There are a couple of things to note regarding PCA. The first is that it can be very difficult to interpret PCA components beyond which components explain the most variance. PCA is more of a black box method than other methods of dimensionality reduction. The other thing to note is that PCA is a good step to do at the end of your preprocessing journey, because of the way the data gets transformed and reshaped. It can be difficult to do much feature work post-PCA, other than eliminating components that aren't useful in explaining variance.

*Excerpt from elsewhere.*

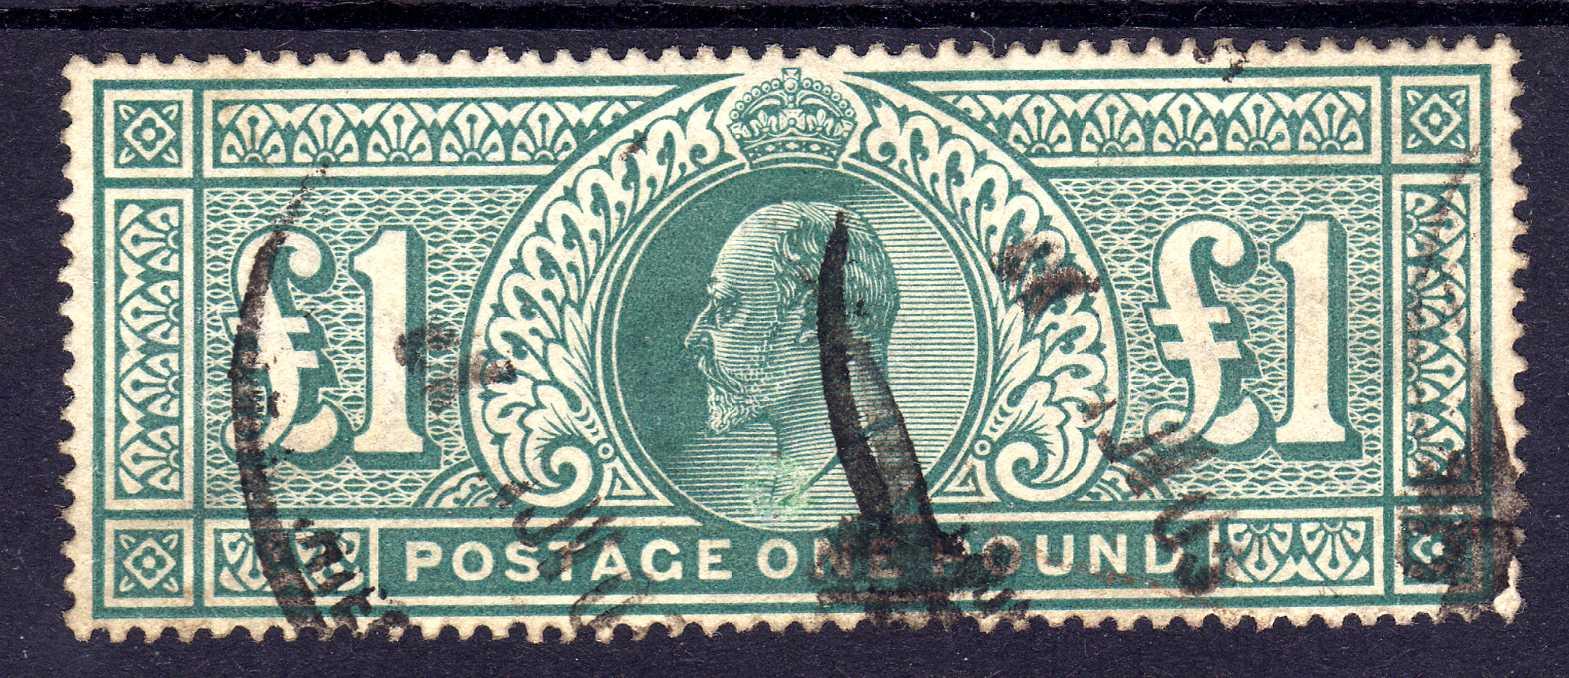 GB: 1902-10 £1 GREEN GOOD USED, SG 266

### Your turn: training a model using PCA

Let's take a look at how `knn` performs using PCA components as the `X` data. First, let's create our `y` labels out of the `Type` column as well as split the PCA-transformed data. We can simply pass in the `transformed_X` data we created in the previous step to `train_test_split()` to create training and test data. 

In [11]:
from sklearn.model_selection import train_test_split

y = wine["Type"]
X_pca_train, X_pca_test, y_pca_train, y_pca_test = train_test_split(transformed_X, y)

Next, we'll create the `knn` classifier, fit it to the training data, and score it on the test data:

In [12]:
from sklearn.neighbors import KNeighborsClassifier

knn_pca = KNeighborsClassifier()

Let's fit the model to the data and print out the score:

In [13]:
knn_pca.fit(X_pca_train, y_pca_train)

knn_pca.score(X_pca_test, y_pca_test)

0.7555555555555555

Some questions to think about: What other improvements could you make to the `wine` dataset? Would you use PCA? Why or why not?